◆ What you have to do ◆
Should a line in the entries below contain "Award", return that line.

* * *

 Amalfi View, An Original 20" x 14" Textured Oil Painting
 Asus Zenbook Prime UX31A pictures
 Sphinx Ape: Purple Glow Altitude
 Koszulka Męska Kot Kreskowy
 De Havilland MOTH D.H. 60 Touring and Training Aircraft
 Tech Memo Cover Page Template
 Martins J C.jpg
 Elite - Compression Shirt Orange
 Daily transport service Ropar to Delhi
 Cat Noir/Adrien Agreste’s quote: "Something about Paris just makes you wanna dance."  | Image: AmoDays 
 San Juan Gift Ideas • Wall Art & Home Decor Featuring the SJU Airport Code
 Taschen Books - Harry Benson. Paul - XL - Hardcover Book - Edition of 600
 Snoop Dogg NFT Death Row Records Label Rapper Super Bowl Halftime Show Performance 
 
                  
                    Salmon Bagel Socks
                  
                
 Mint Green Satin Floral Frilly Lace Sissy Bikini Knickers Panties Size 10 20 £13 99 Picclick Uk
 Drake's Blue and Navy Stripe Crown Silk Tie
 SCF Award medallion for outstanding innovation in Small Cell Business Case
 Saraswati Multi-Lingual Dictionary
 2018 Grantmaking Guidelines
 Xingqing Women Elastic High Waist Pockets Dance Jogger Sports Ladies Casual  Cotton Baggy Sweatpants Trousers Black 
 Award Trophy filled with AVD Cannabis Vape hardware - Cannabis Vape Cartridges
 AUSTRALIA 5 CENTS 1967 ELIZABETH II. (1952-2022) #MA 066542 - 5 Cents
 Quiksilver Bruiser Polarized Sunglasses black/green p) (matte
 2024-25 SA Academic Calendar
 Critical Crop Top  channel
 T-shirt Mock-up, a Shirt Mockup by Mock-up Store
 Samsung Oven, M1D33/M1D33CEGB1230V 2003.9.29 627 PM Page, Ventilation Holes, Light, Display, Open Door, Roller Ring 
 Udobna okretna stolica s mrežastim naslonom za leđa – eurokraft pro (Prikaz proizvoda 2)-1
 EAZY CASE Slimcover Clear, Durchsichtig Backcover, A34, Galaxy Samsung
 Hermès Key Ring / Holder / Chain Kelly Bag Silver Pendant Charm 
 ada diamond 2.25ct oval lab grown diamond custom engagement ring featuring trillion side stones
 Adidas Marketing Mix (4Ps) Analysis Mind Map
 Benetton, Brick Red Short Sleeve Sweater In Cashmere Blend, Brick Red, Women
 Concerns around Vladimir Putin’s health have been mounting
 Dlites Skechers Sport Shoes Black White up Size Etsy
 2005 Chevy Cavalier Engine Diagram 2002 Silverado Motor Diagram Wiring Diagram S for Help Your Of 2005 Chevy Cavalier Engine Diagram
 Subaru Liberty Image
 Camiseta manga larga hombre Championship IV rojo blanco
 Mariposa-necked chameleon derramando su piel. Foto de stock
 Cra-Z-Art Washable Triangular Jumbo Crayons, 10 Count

* * *

◆ Response area ◆
 SCF Award medallion for outstanding innovation in Small Cell Business Case
 Award Trophy filled with AVD Cannabis Vape hardware - Cannabis Vape Cartridges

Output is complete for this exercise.